What to produce –
Reproduce the listing below in full and exactly; no pictures belong in the copy.

Supplied information –
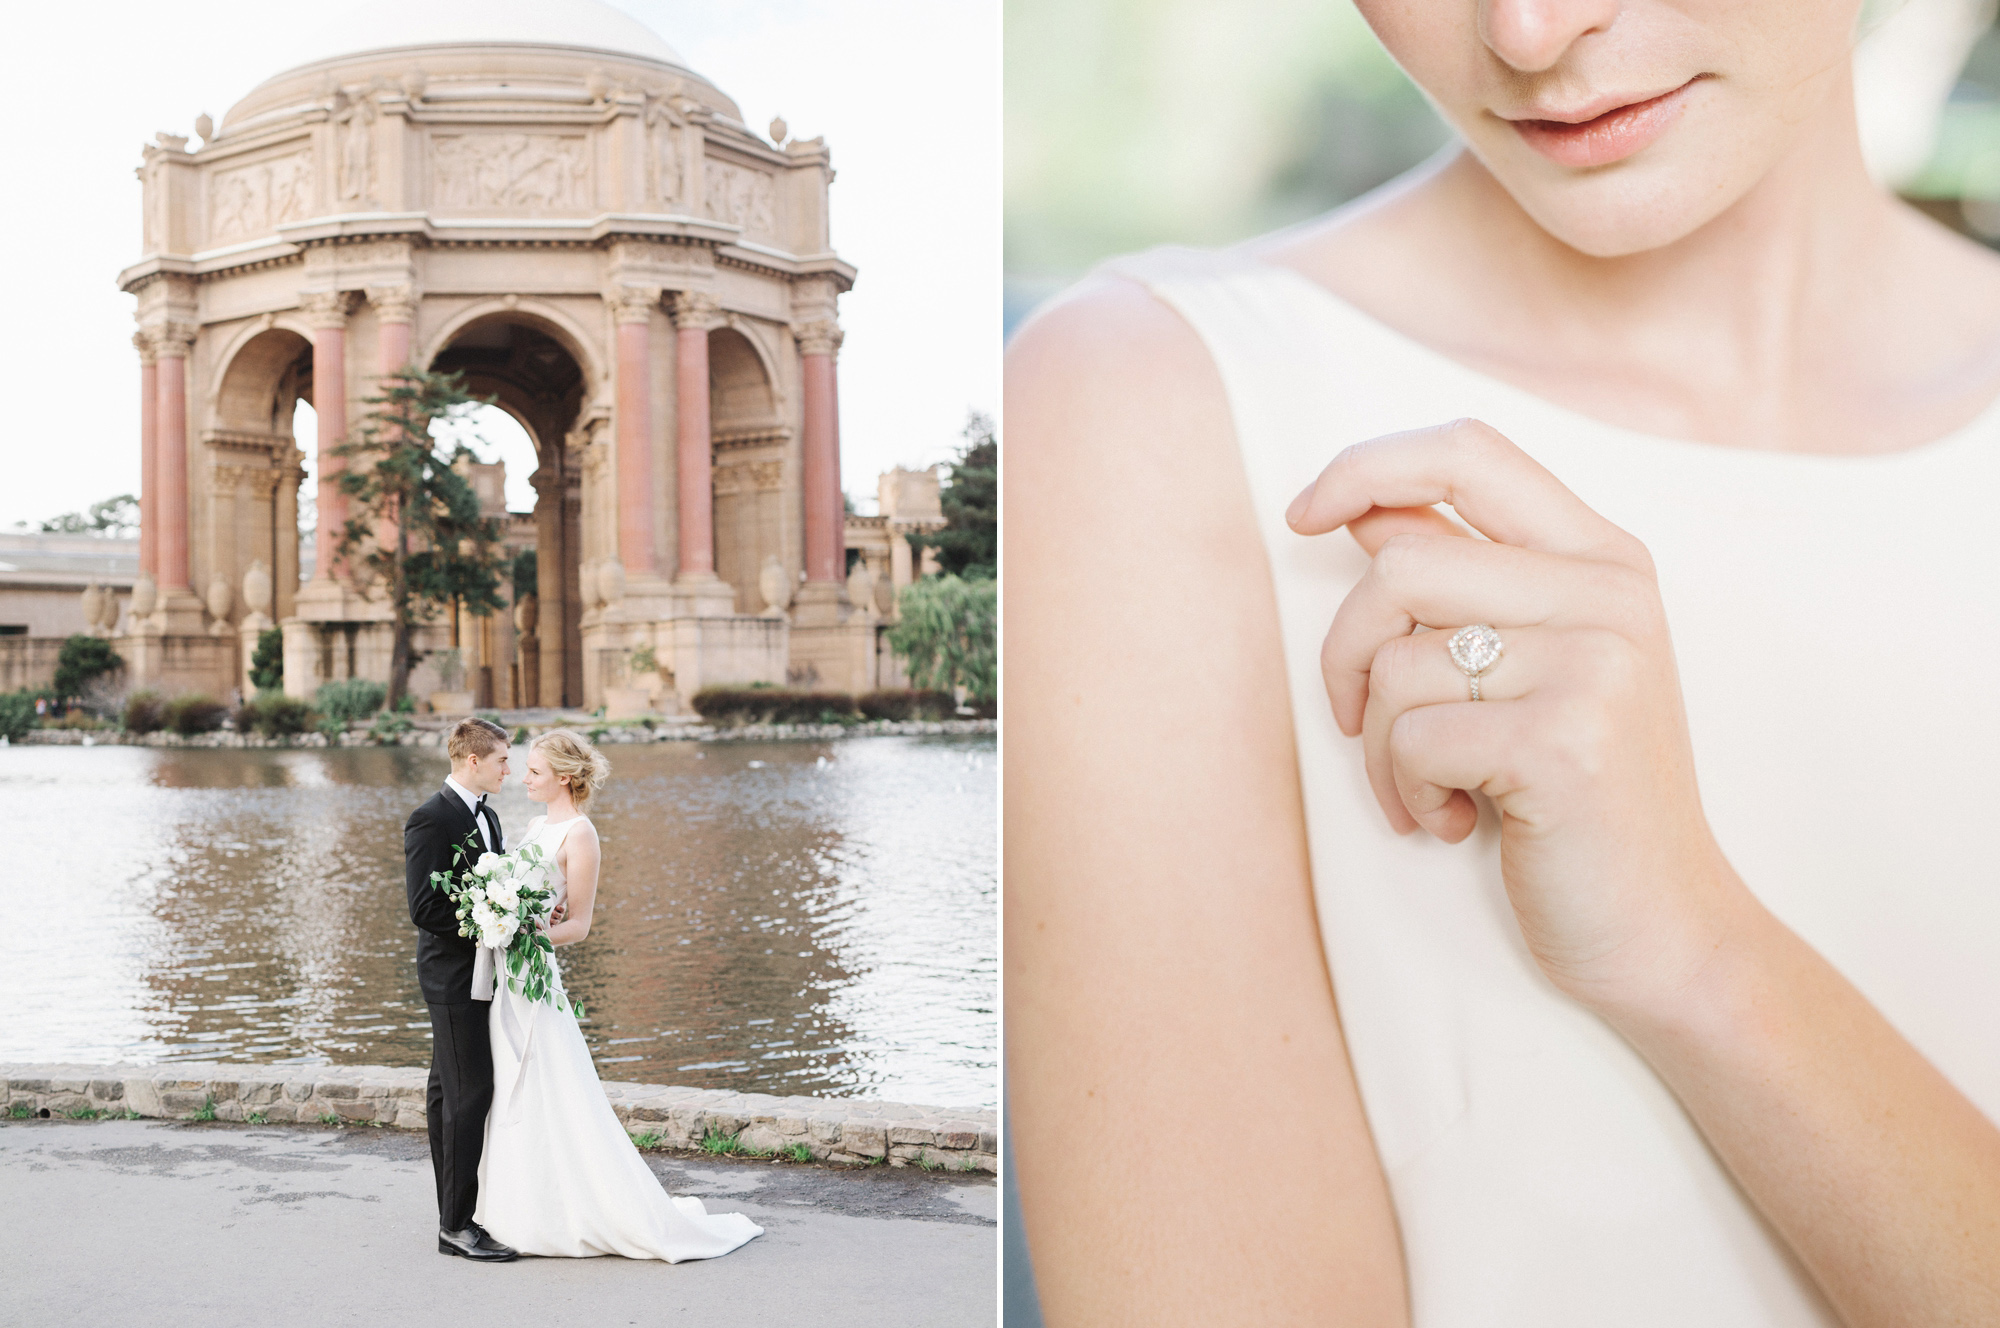 Wedding portraits in front of the Palace of Fine Arts in San Francisco.
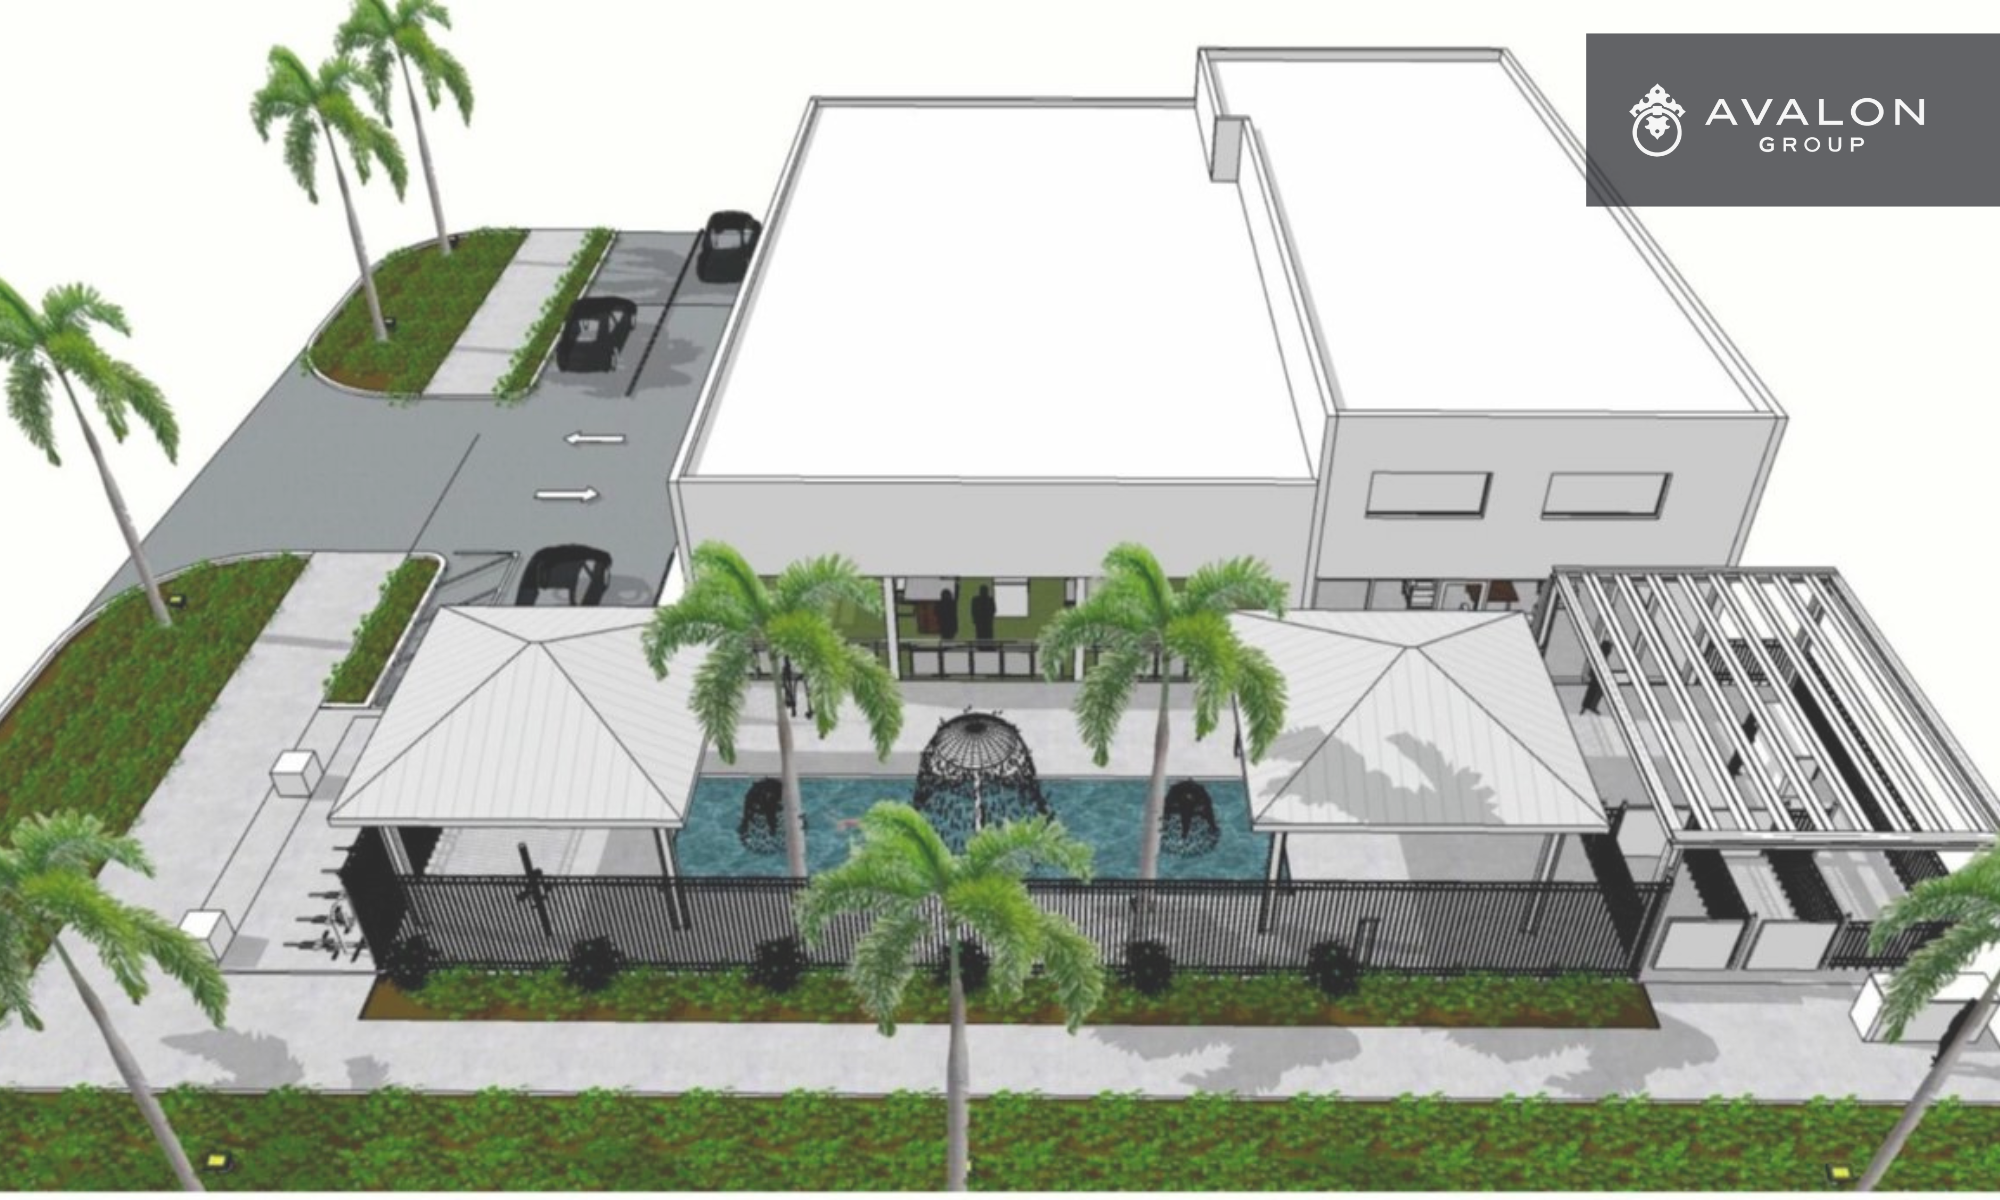 This is the rendering of the new Mutts and Martinis on Central. The picture shows the pool area and building.
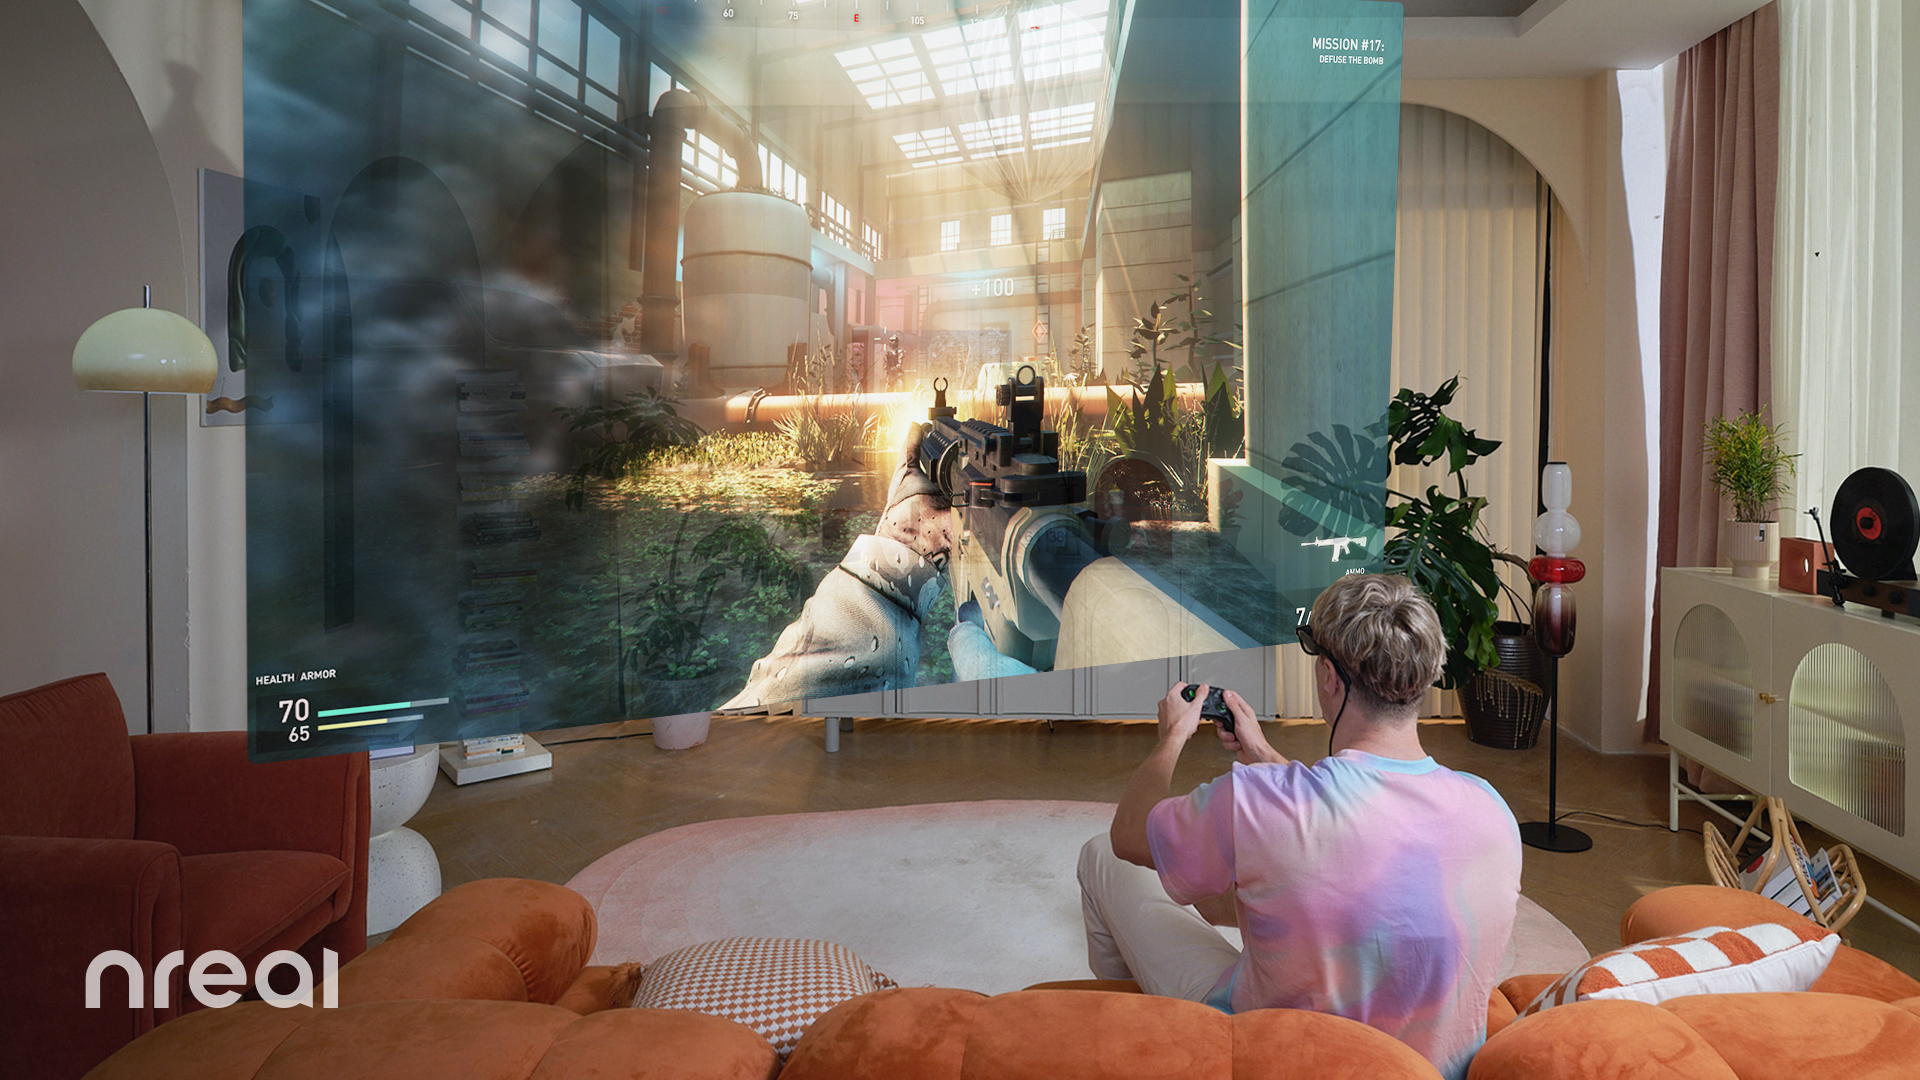 The Nreal Air AR glasses being used to see a video game screen while some holds a controller in their living room, they're sat on the couch with pillows all around them
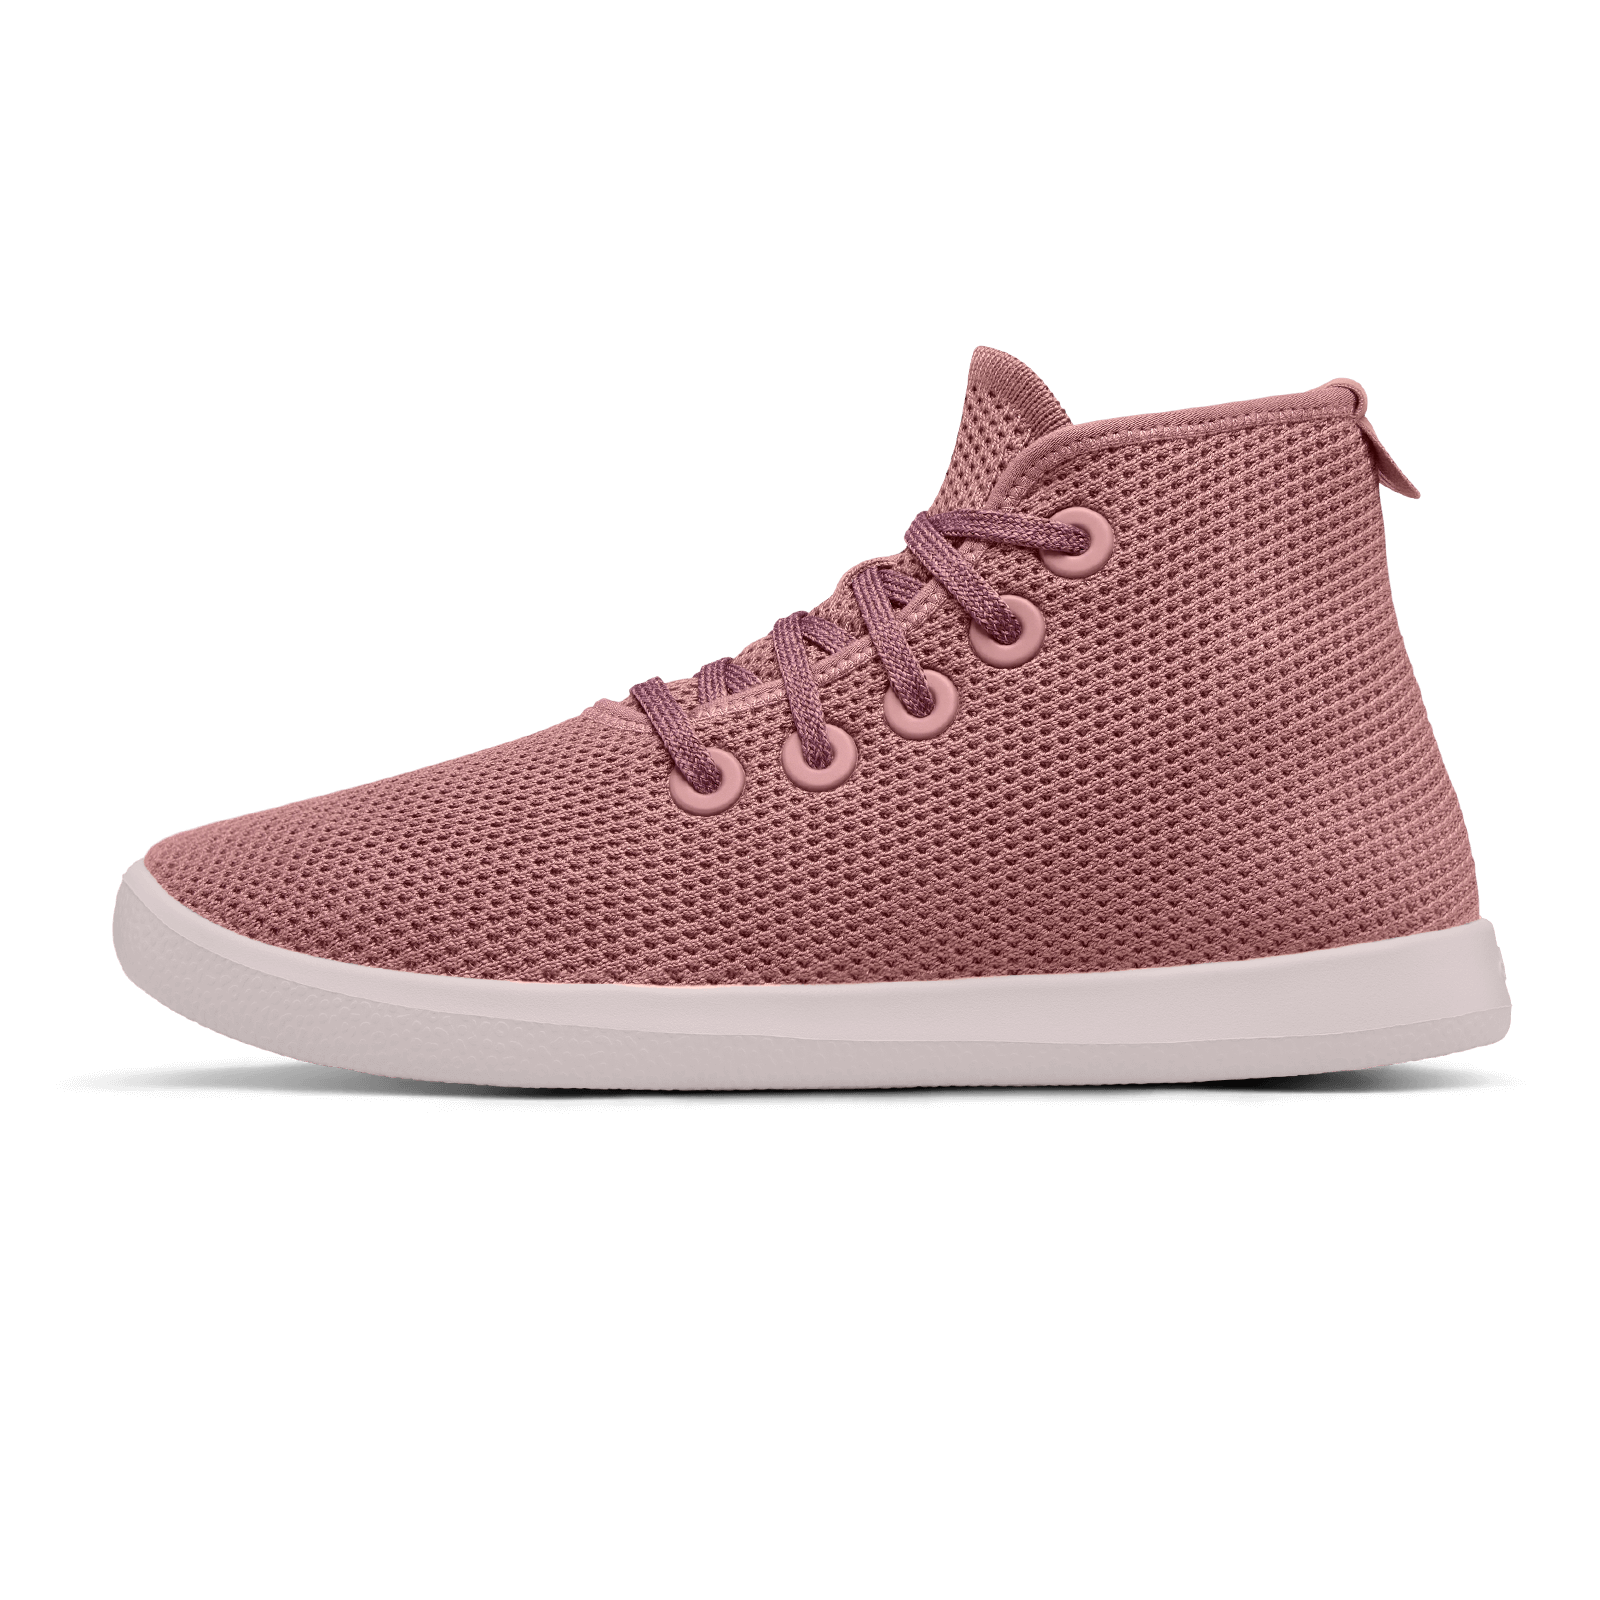 Women's Tree Toppers - Harvest (Rose Sole)

Written answer –
 Wedding portraits in front of the Palace of Fine Arts in San Francisco.
 This is the rendering of the new Mutts and Martinis on Central. The picture shows the pool area and building.
 The Nreal Air AR glasses being used to see a video game screen while some holds a controller in their living room, they're sat on the couch with pillows all around them
 Women's Tree Toppers - Harvest (Rose Sole)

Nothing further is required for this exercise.